- Your task -
Only the lines from the one containing "Gucci Women's GG" to the end of the listing below should be returned, exactly as written and without pictures.

- Data excerpt -
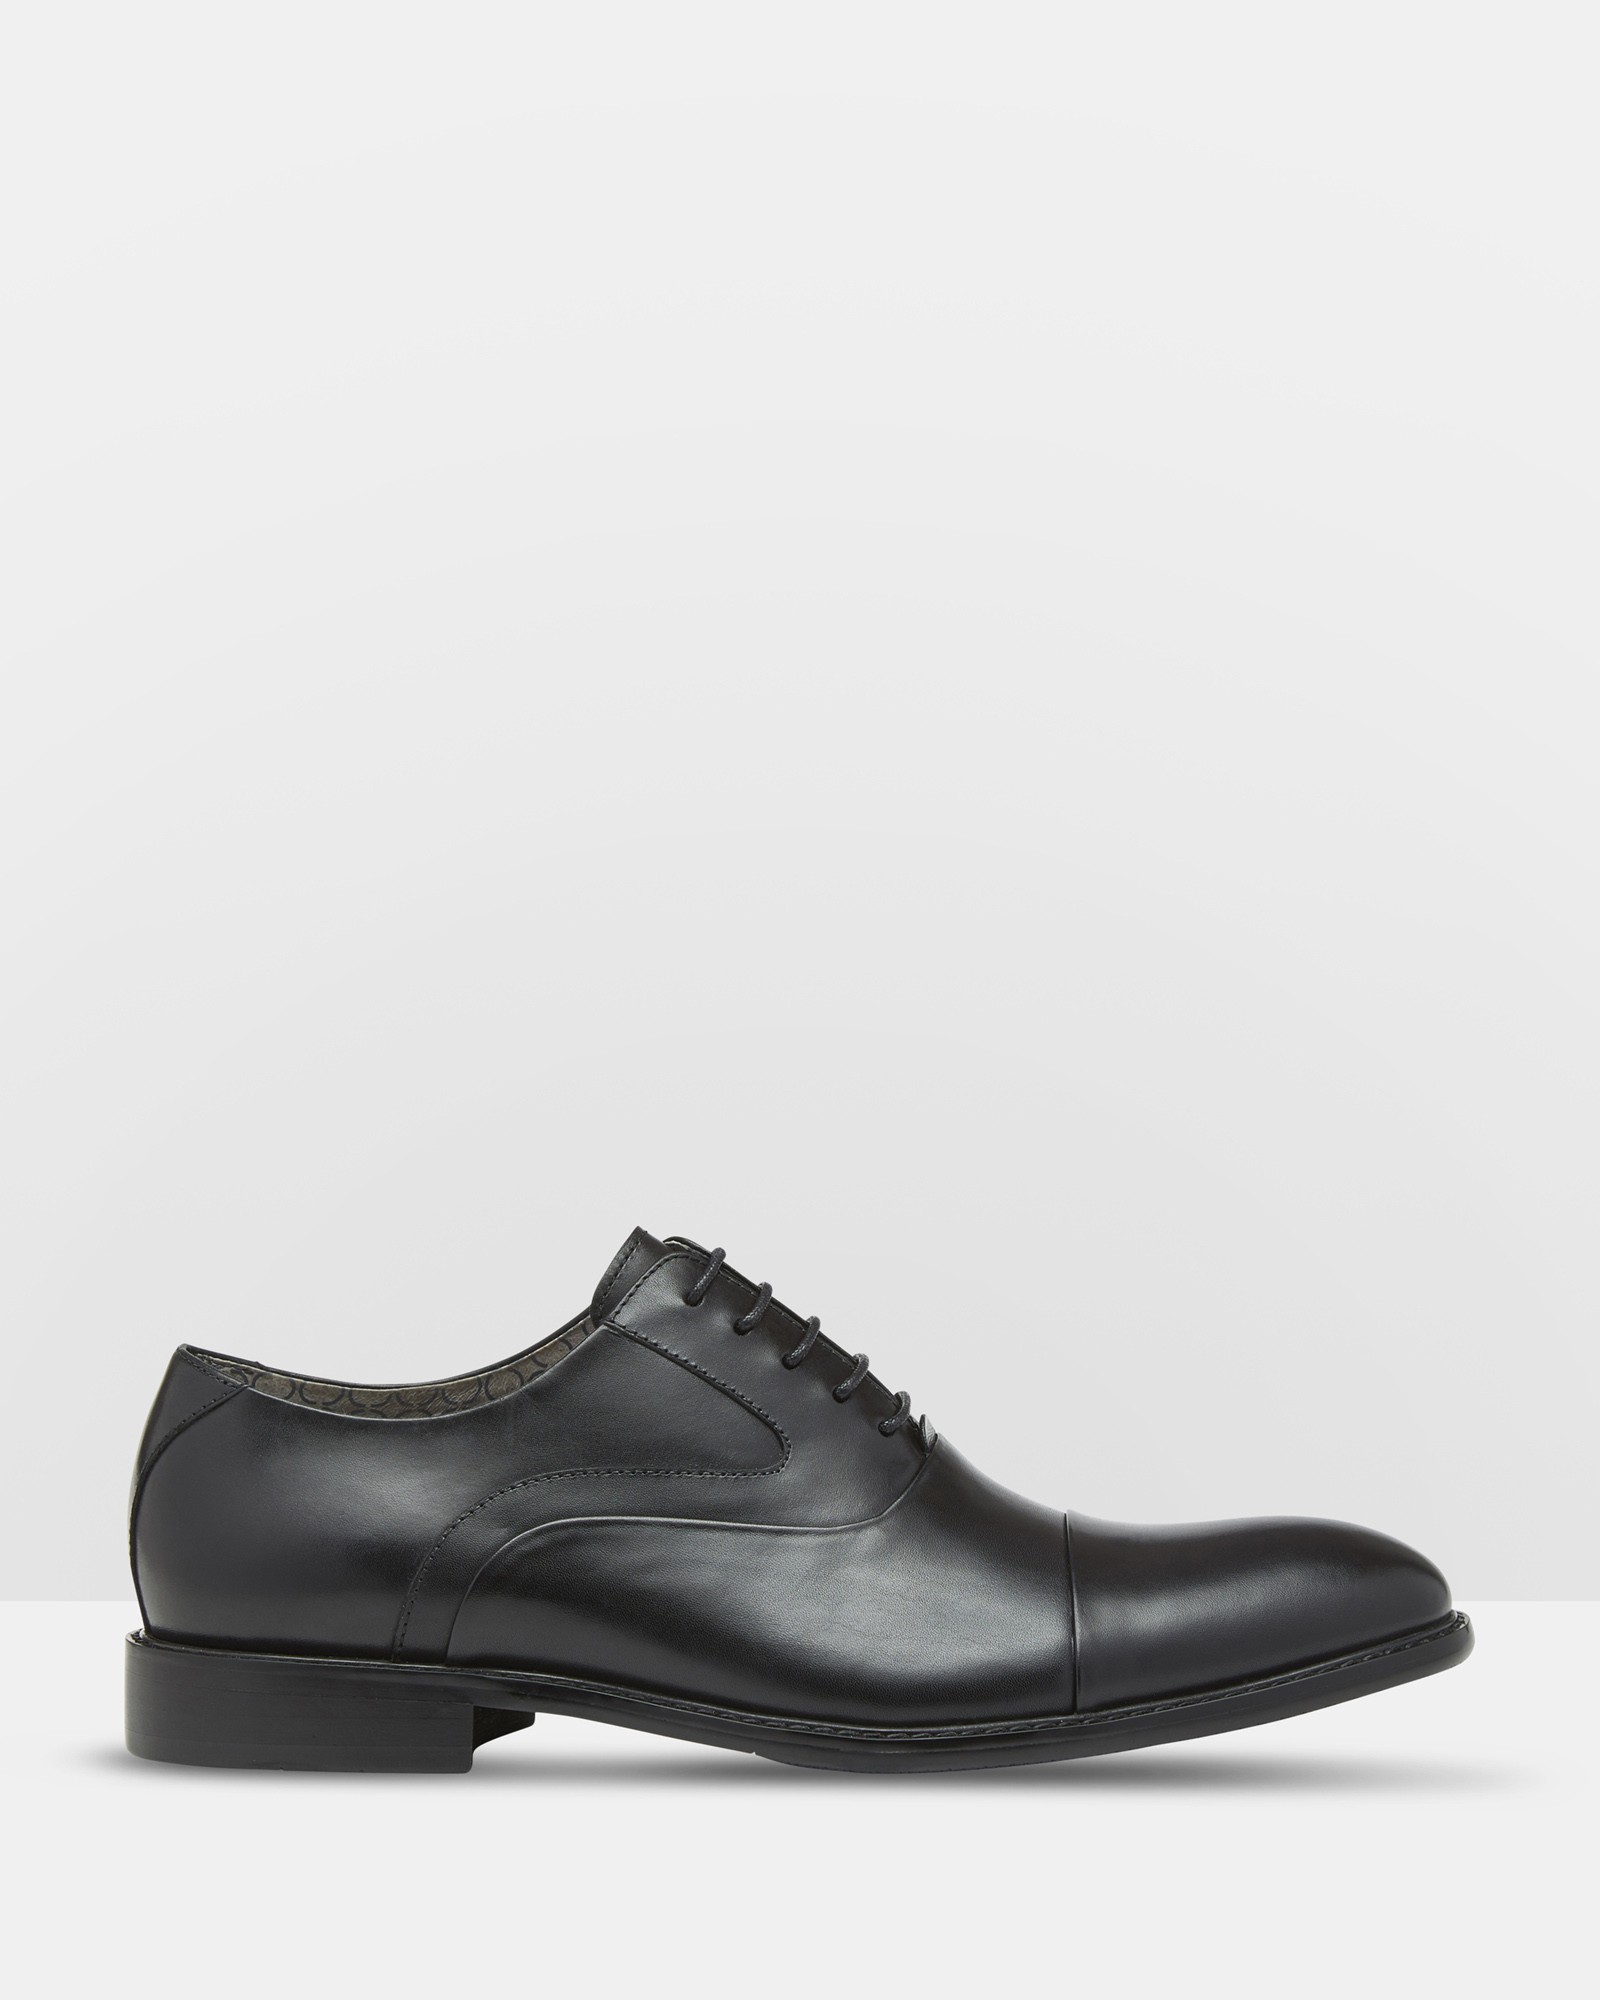 Frank Leather Oxford Shoes Black by Oxford | ShoeSales
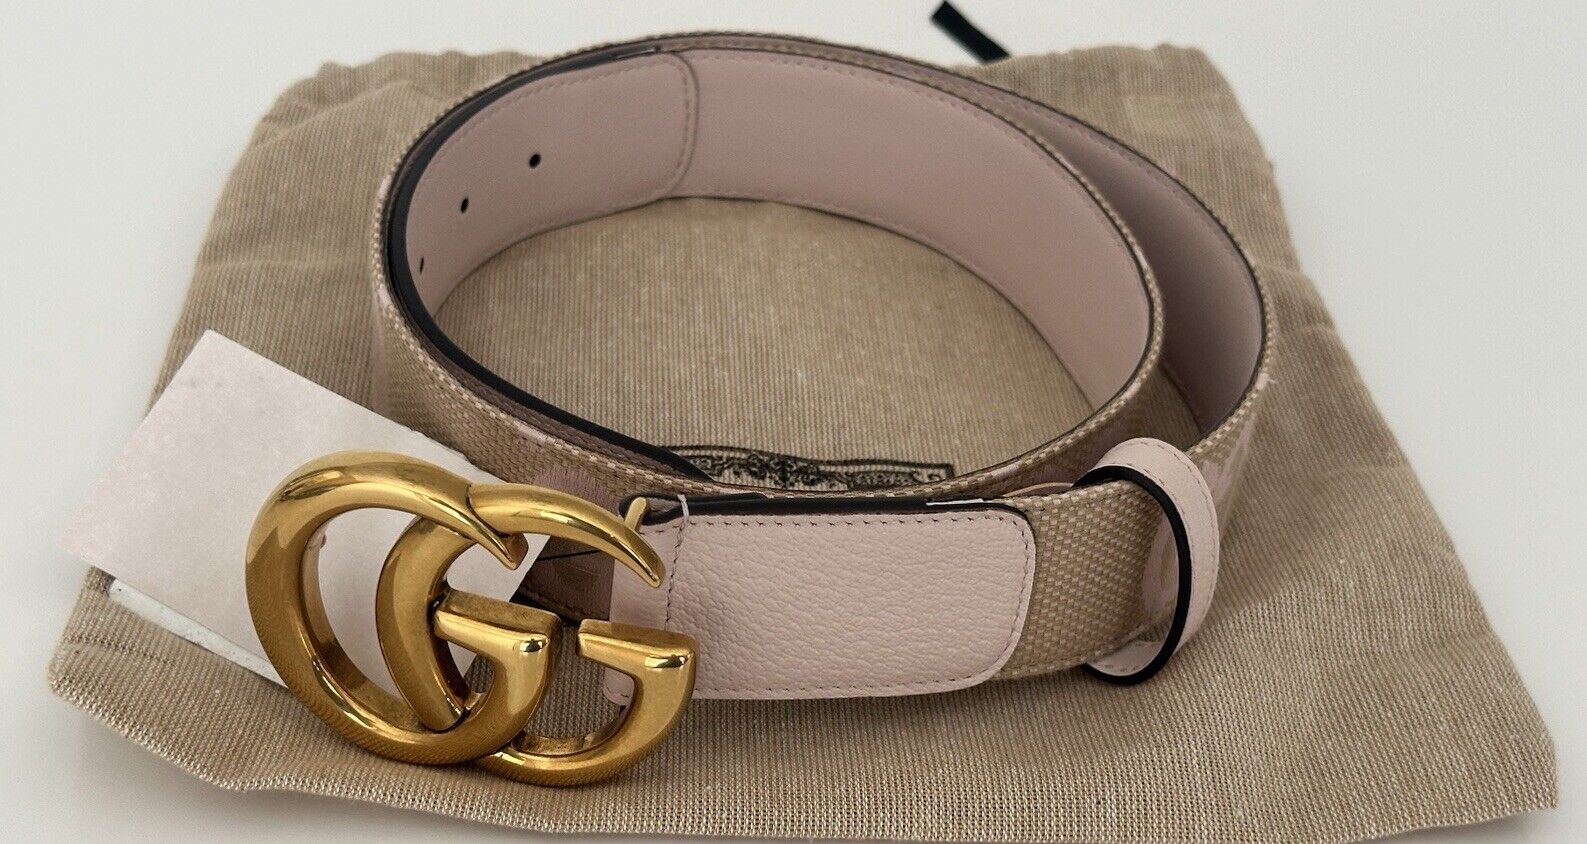 Gucci Women's GG Marmont Wide Belt in Pink Canvas/Leather 95/38 Italy 400593 NWT
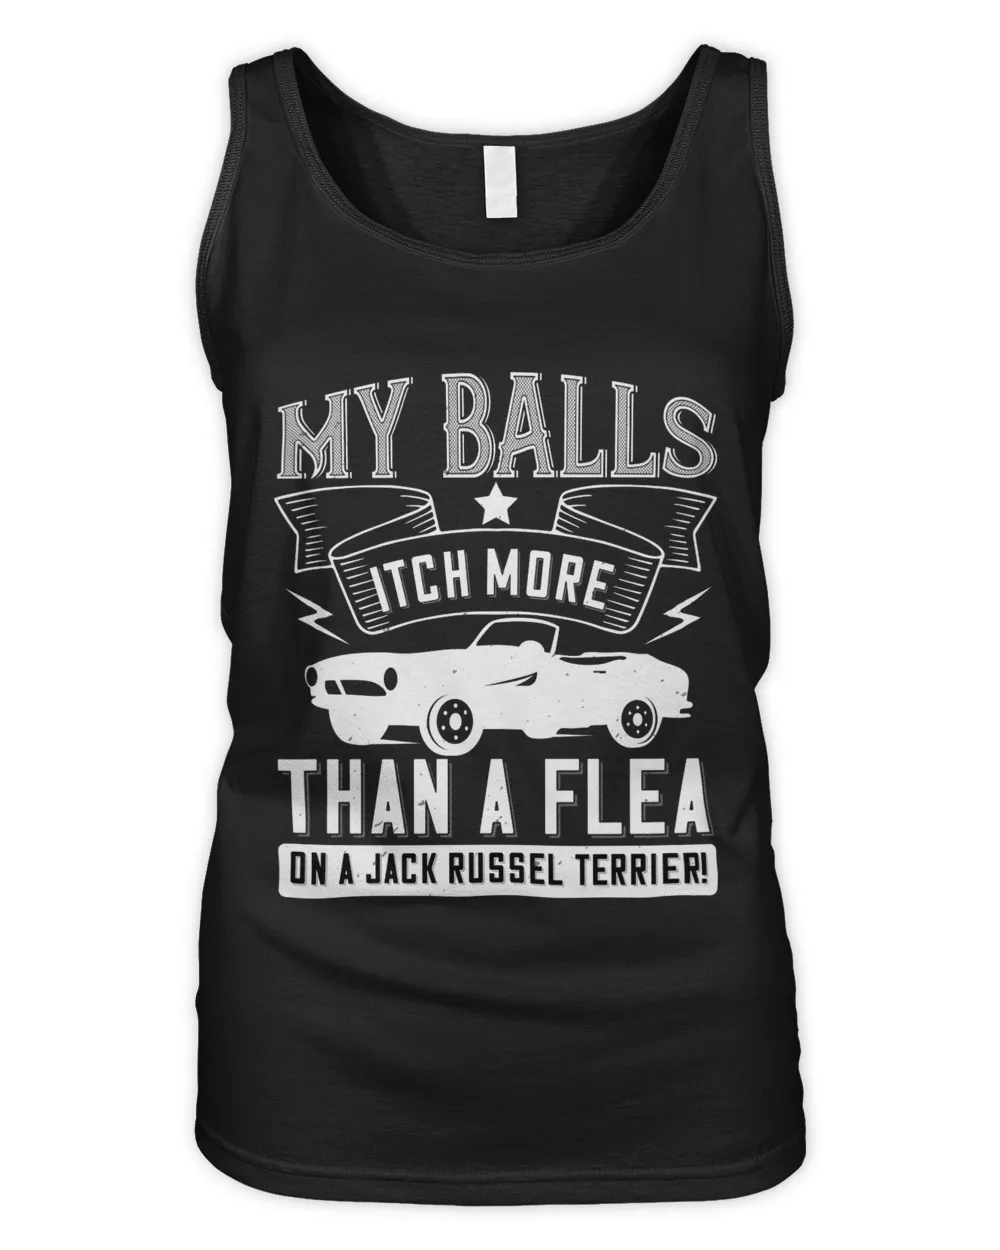 02 My balls itch more than a flea on a jack russel terrier!-01

- Answer to this task -
 Gucci Women's GG Marmont Wide Belt in Pink Canvas/Leather 95/38 Italy 400593 NWT
 02 My balls itch more than a flea on a jack russel terrier!-01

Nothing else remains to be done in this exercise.